By the time they arrived, some of the prisoners had recovered enough to stand upright. These were made to dig holes by the roadside. They were then ordered to strip naked and place their remaining clothes — only a loincloth at this point — and sandals in a pile.

A group of four of Timon’s soldiers laid each Hurthmen upon his cross. This was done gently, not out of pity, but to insure proper alignment for the nails that would be driven through wrists and feet.

When his turn came, Bara struggled momentarily, broke free, and tried to crawl away, but Timon kicked him hard, professionally, and the Hurthman stopped moving. This time, Bara’s arms were bound to the crosspiece to hold him in place.

Timon’s squad worked as a well-honed unit. The backs of the wrists and feet were aligned with perpendicular grooves previously drilled in the crosspieces. Then maple stakes were driven through wrists and through the bone cluster on the top of the feet, out the back, and into the grooves. The result was a neat tongue-and-groove bond that was tighter than mere nails driven into wood might have been.

The prisoners writhed and groaned at first. They were soon made silent when their tongues were pulled out with tongs and a crossbow bolt driven through each tongue’s flesh.

Some tried to rip the metal rod through their tongue by pressing it against the inside of the lip in order to rip the bolt out. None succeeded.

Tongues are made of some tough meat, Abel thought grimly.

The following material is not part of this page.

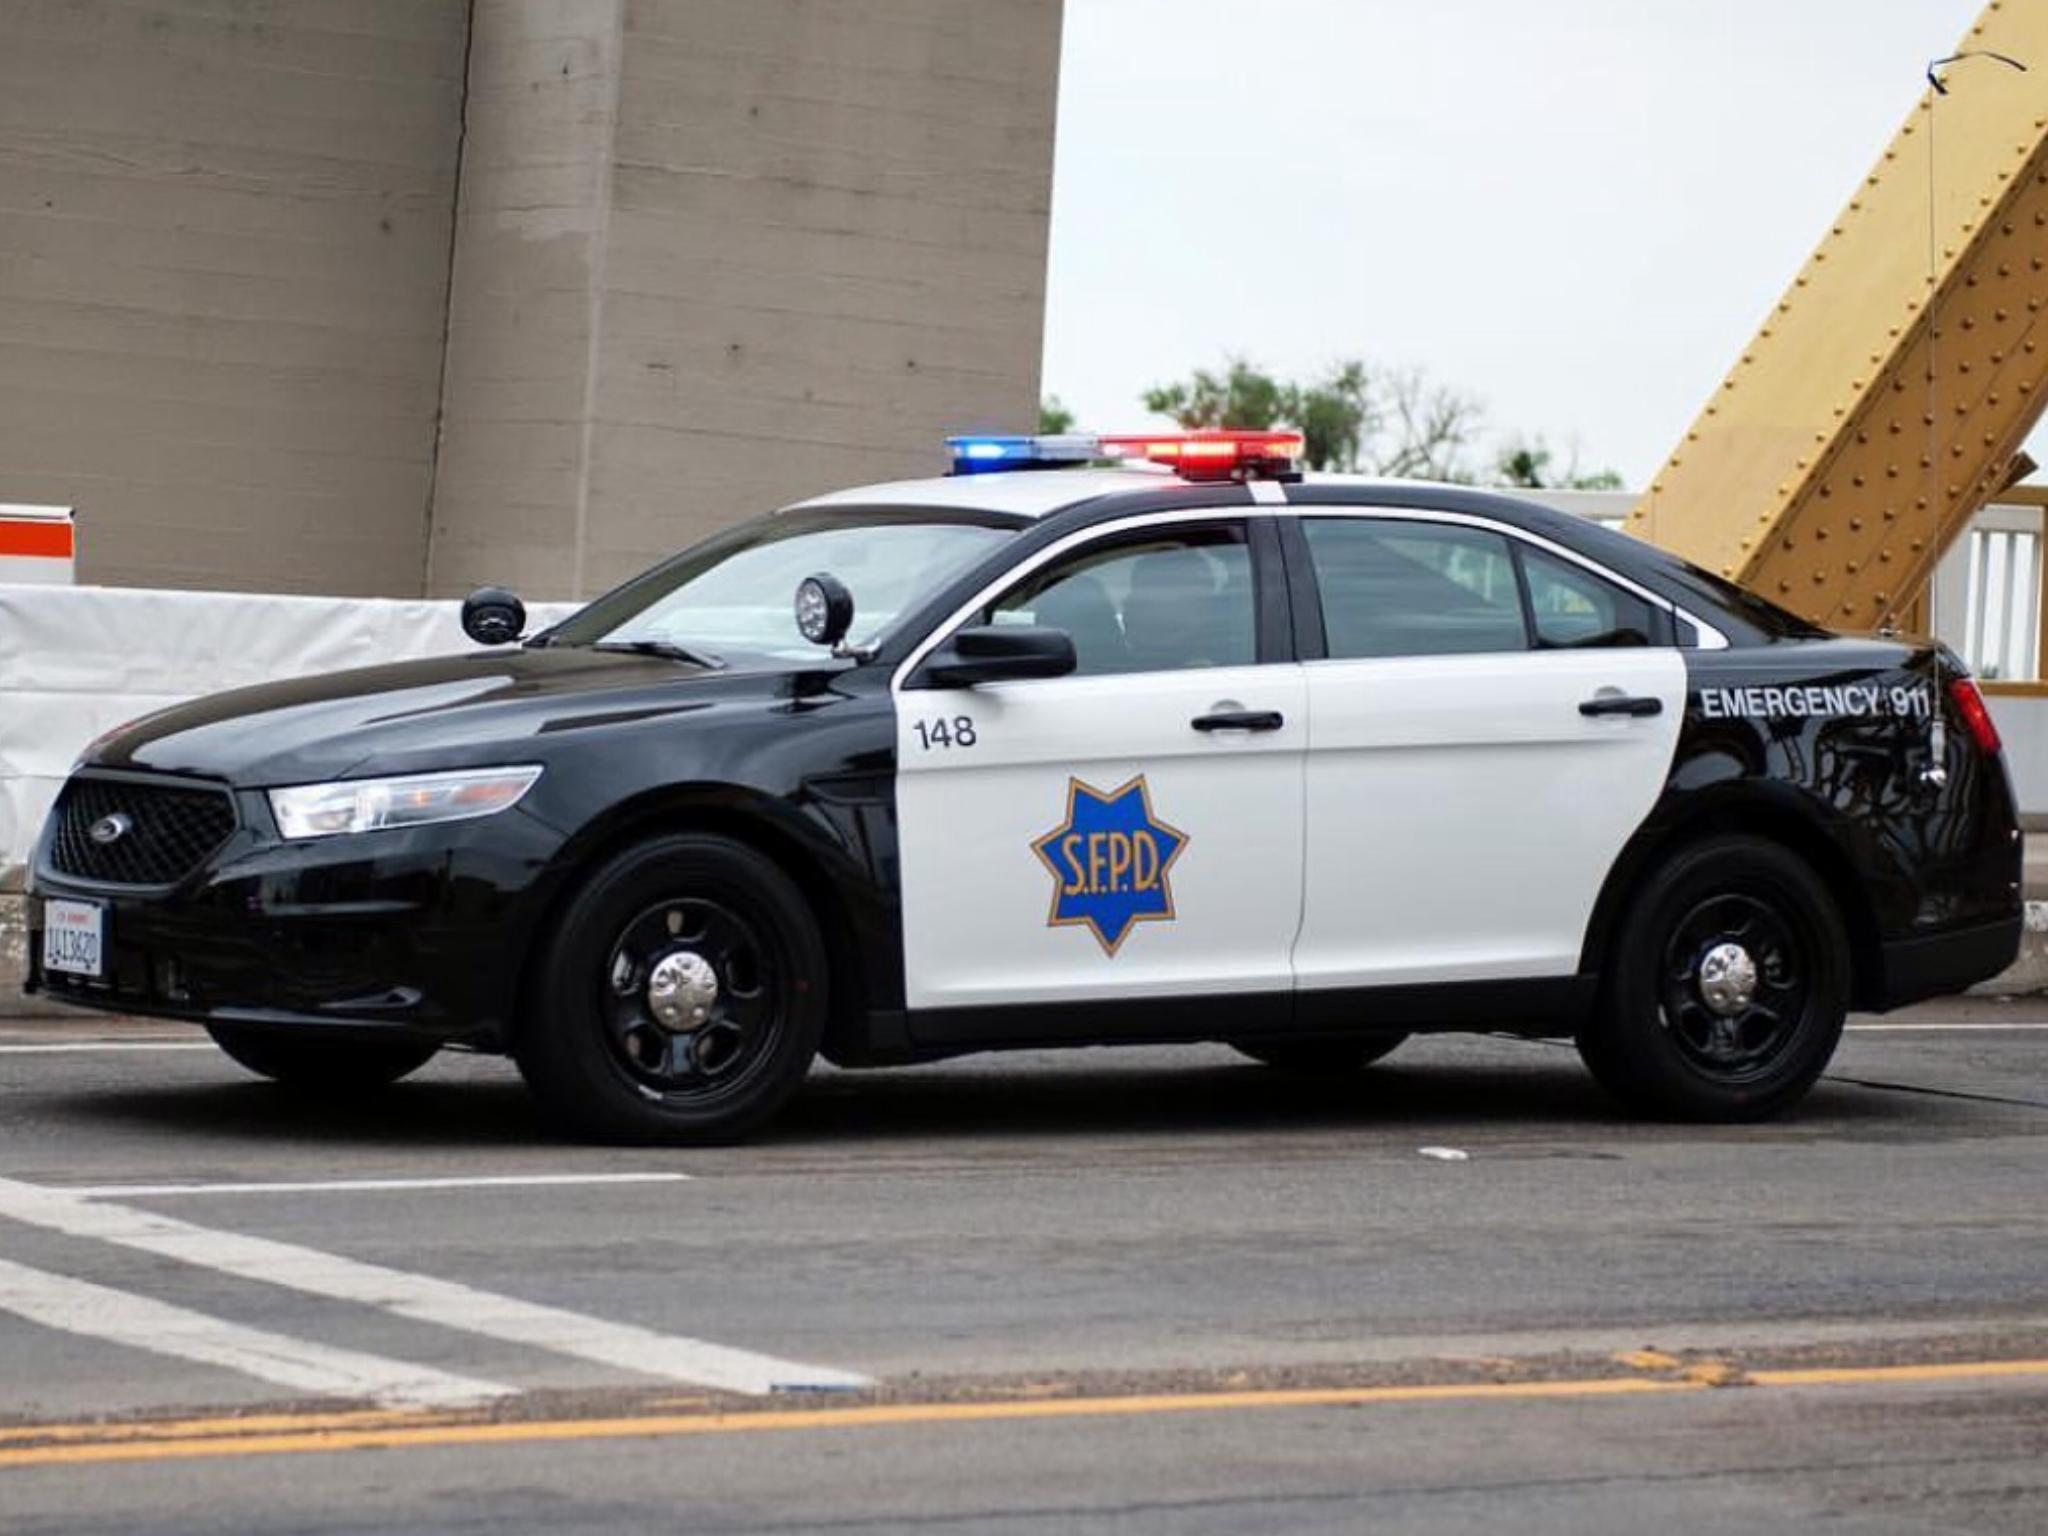 San Francisco Ca Police 148 Ford Interceptor Police Cars Us Police Car Ford Police

Upon Timon’s order, the crosses were lifted up, along with the men hammered to them. Each cross was dropped into its hole. Stones were piled at their bases to hold them upright. The staked men were perhaps two elbs from the ground, but the distance might as well have been a hundred leagues. Their feet would never touch the earth again while they lived.

Timon had placed them on the western side of the road, facing east. Dawn brightened to day. The sun rose over the Rim, and the crucified men closed their eyes against the sudden brightness.

Abel considered for a moment whether or not to order them blinded in order to avoid the slow torture of the rising sun in their eyes. It went beyond his colonel’s orders, and he wasn’t sure Timon would do it in any case.

Best not, lad. The sun in their eyes is the least of their worries, said Raj. Besides, you still have the dead to bury, don’t you?

Yes, I do, Abel thought. The Friday Company funeral. He’d almost forgotten.